(Data below)
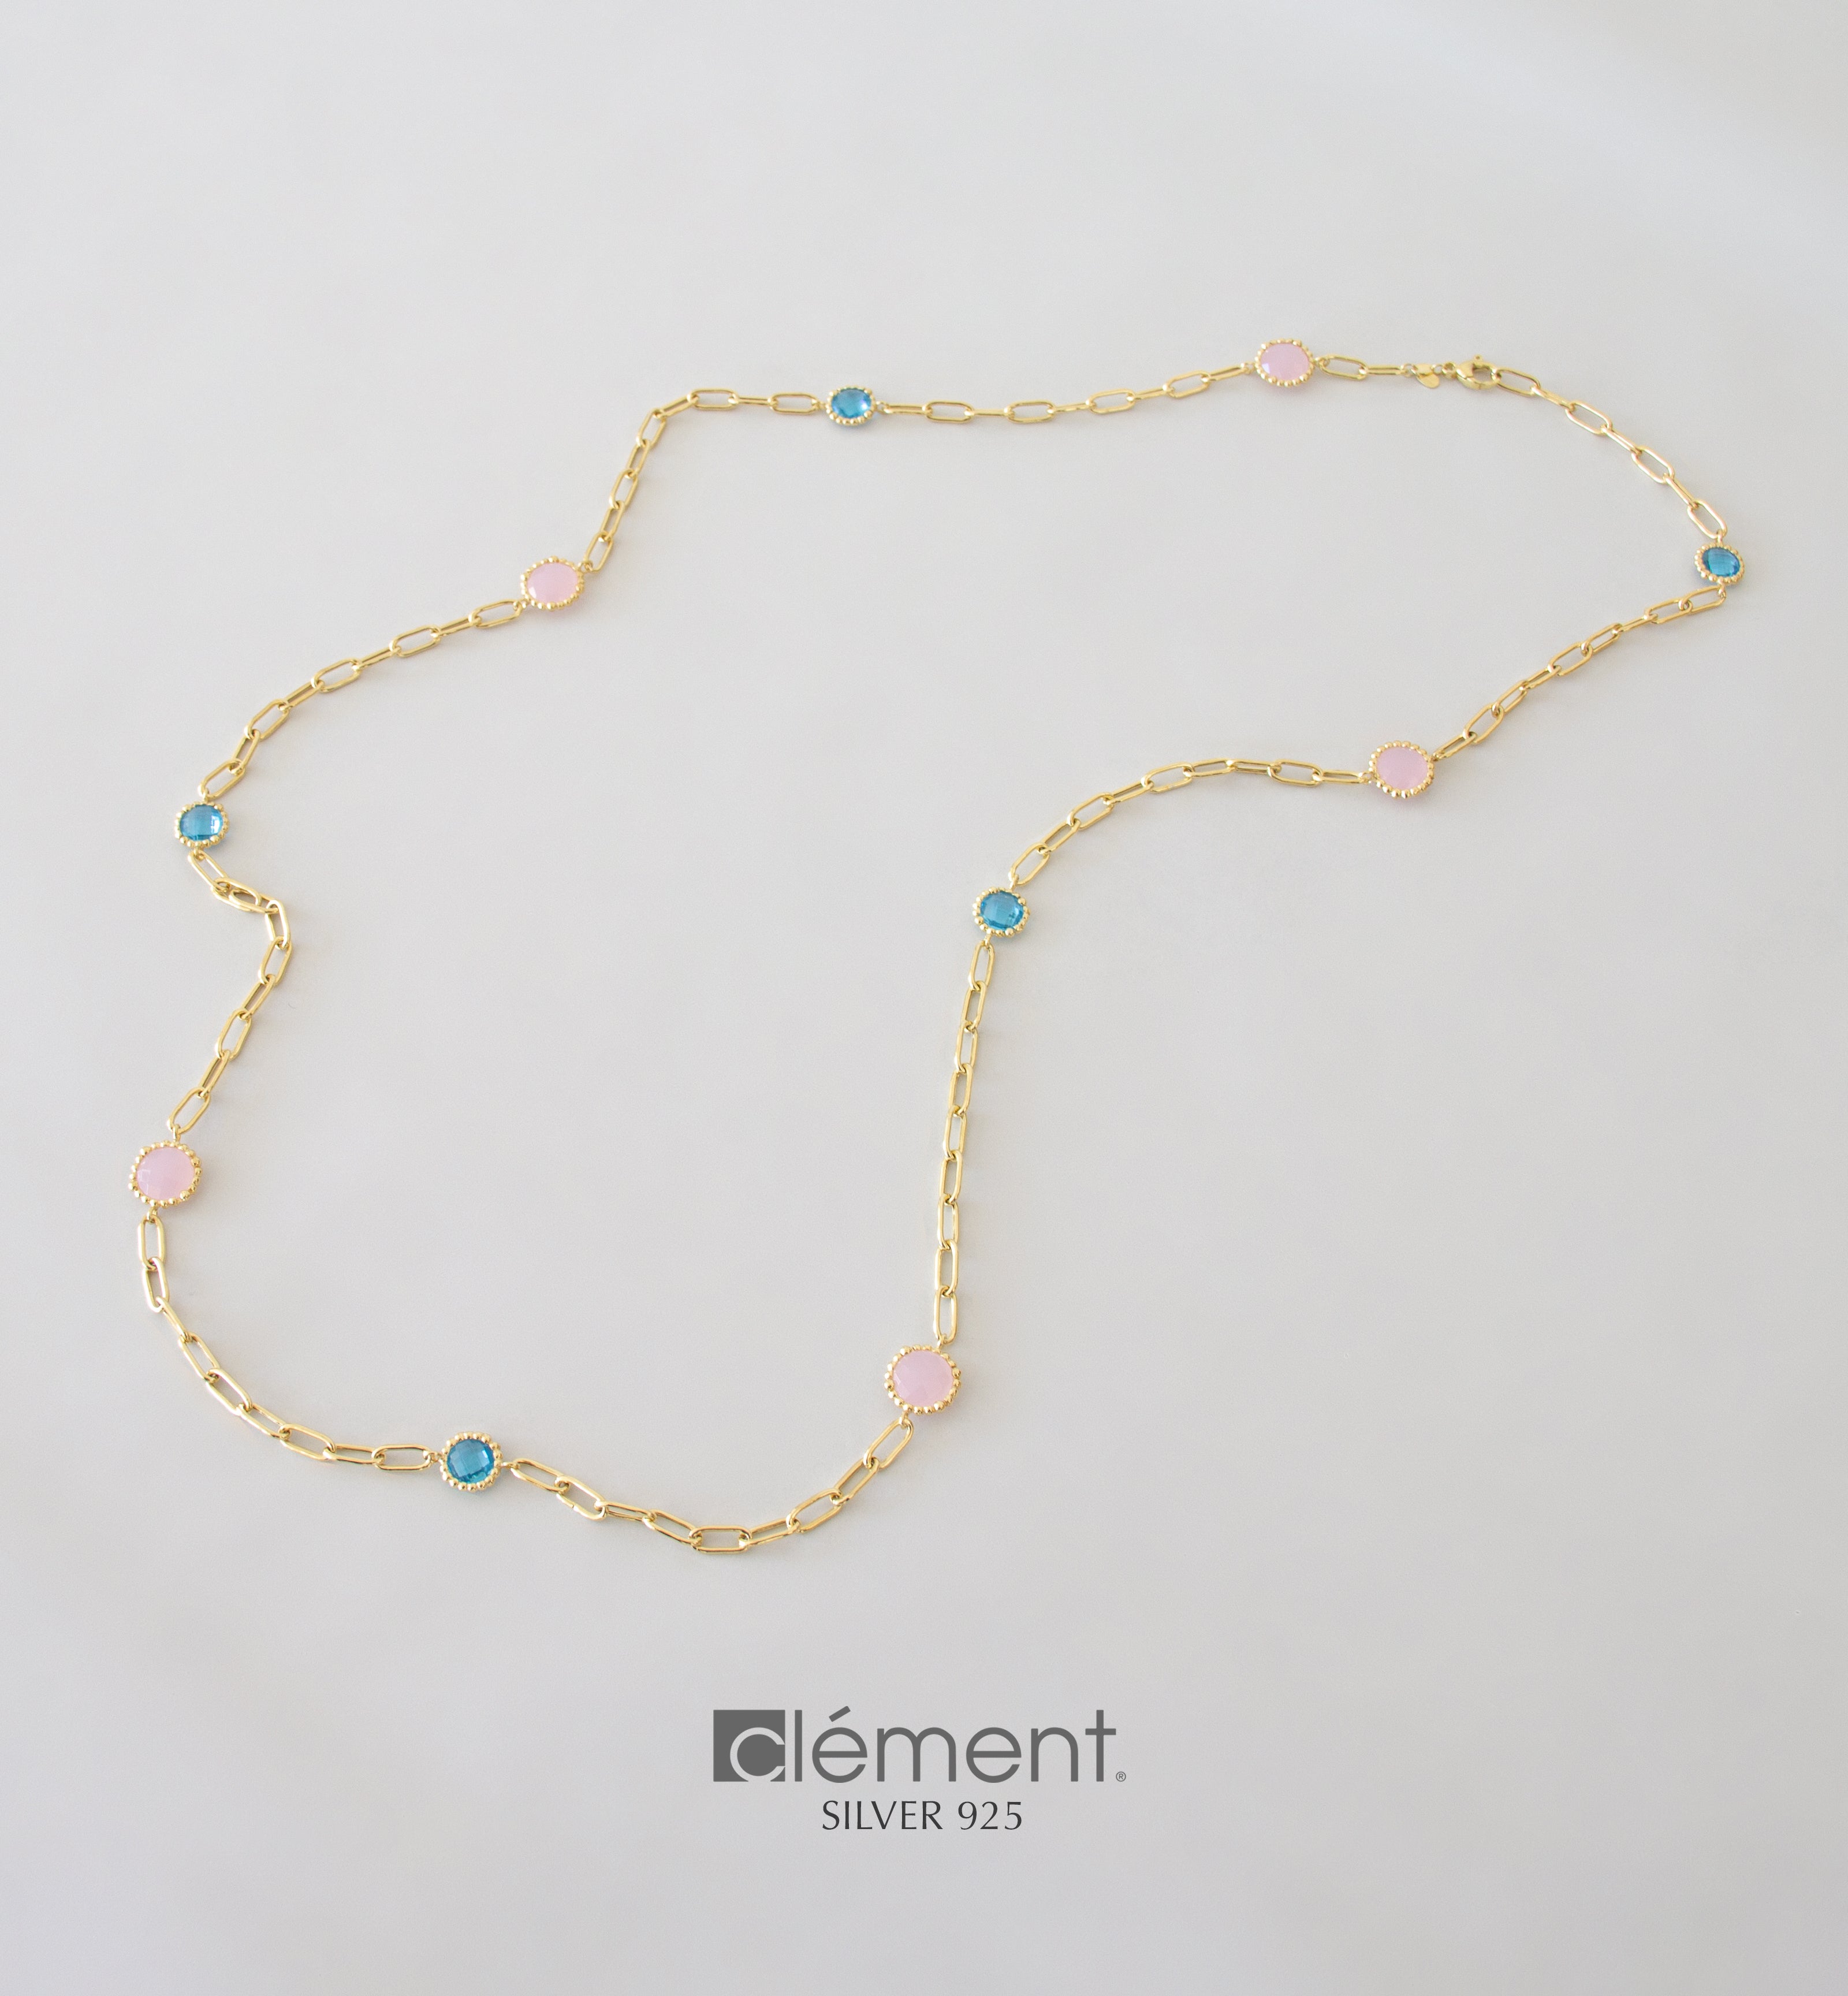 Silver 925 Long Necklace with Coloured Stones
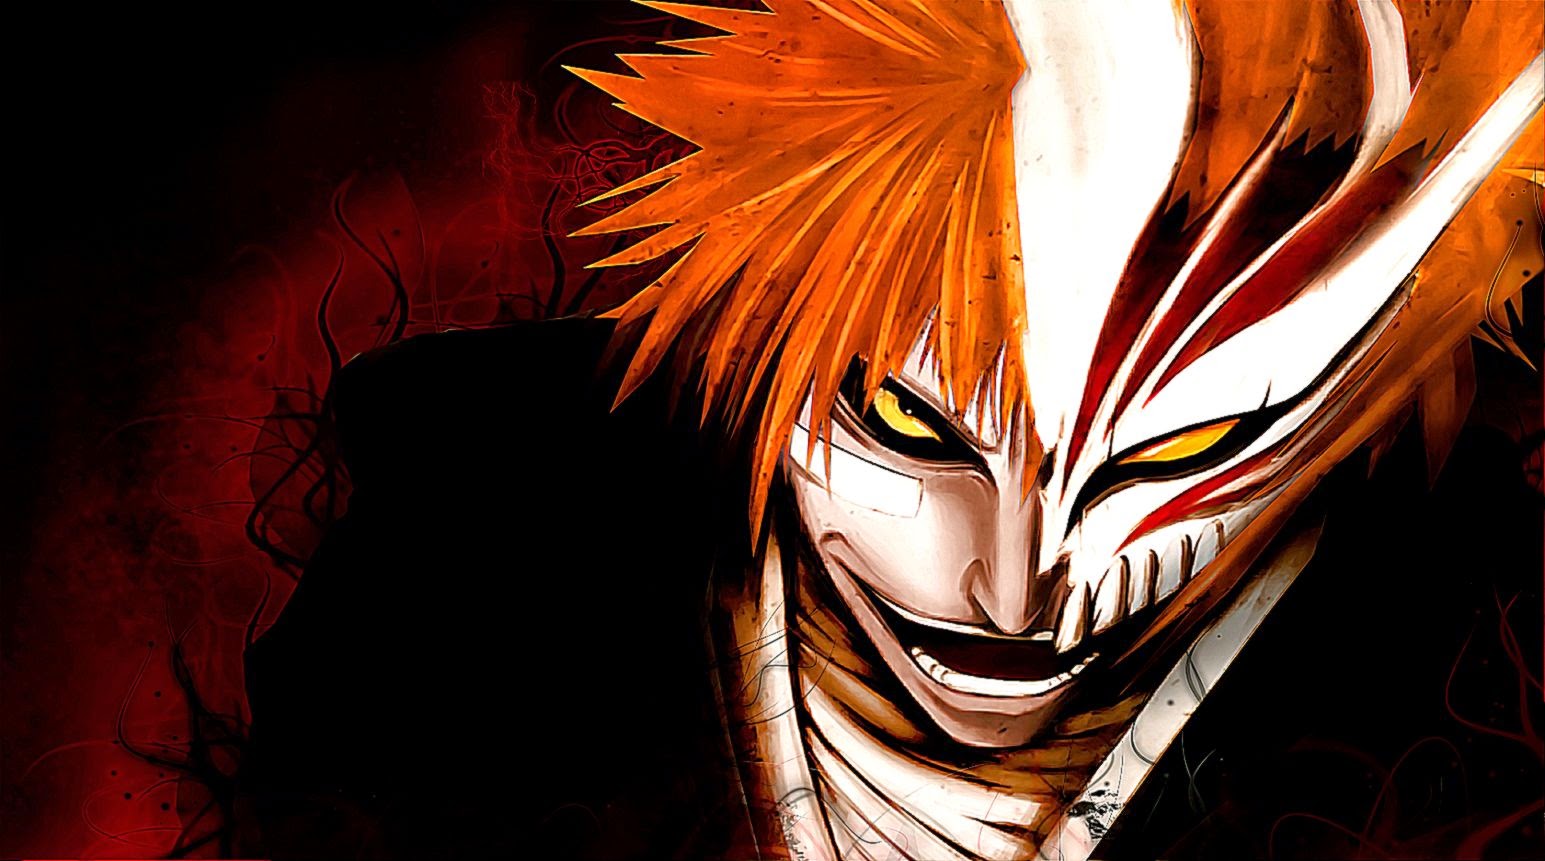 Ichigo wallpapers for 4k, 1080p hd and 720p hd resolutions and are best sui...
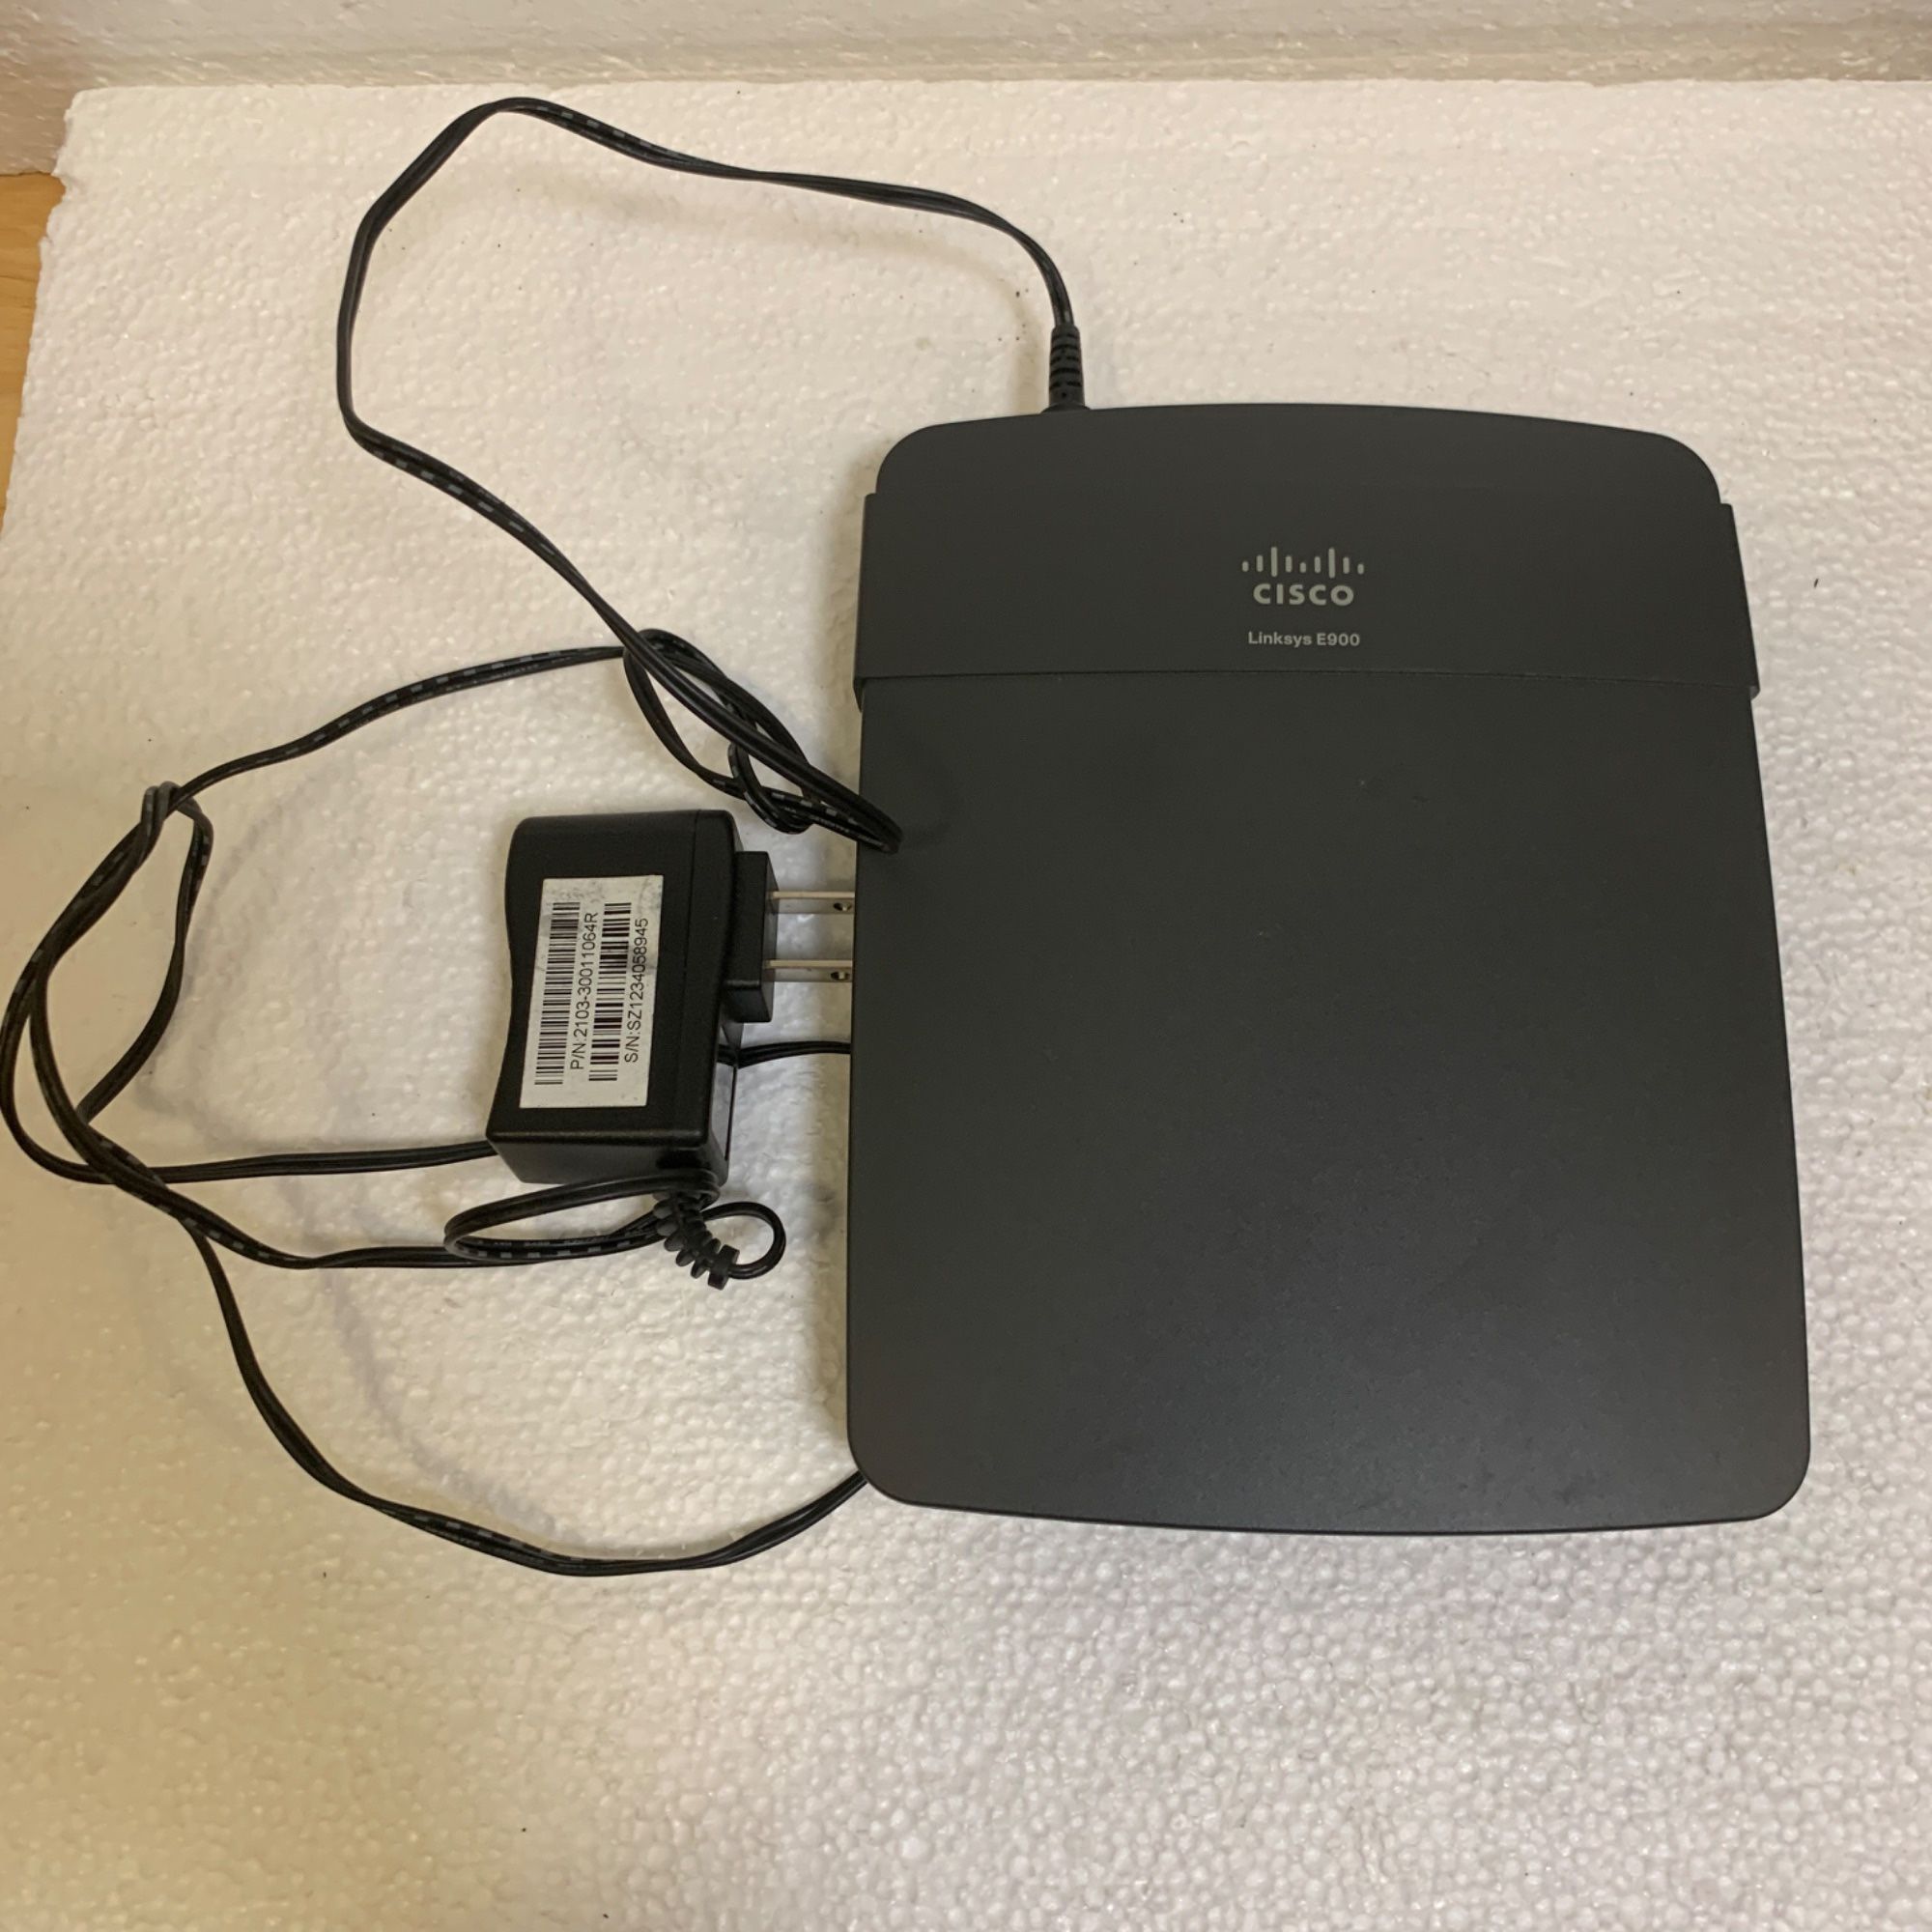 CISCO Linksys E900 300 Mbps 4-Port 10/100 Wireless N Wi-Fi Router
(End Data below)
● Exercise: Aside from its pictures, the listing must be given again in full, exactly as it appears.

● Exercise output:
 Silver 925 Long Necklace with Coloured Stones
 Ichigo wallpapers for 4k, 1080p hd and 720p hd resolutions and are best sui...
 CISCO Linksys E900 300 Mbps 4-Port 10/100 Wireless N Wi-Fi Router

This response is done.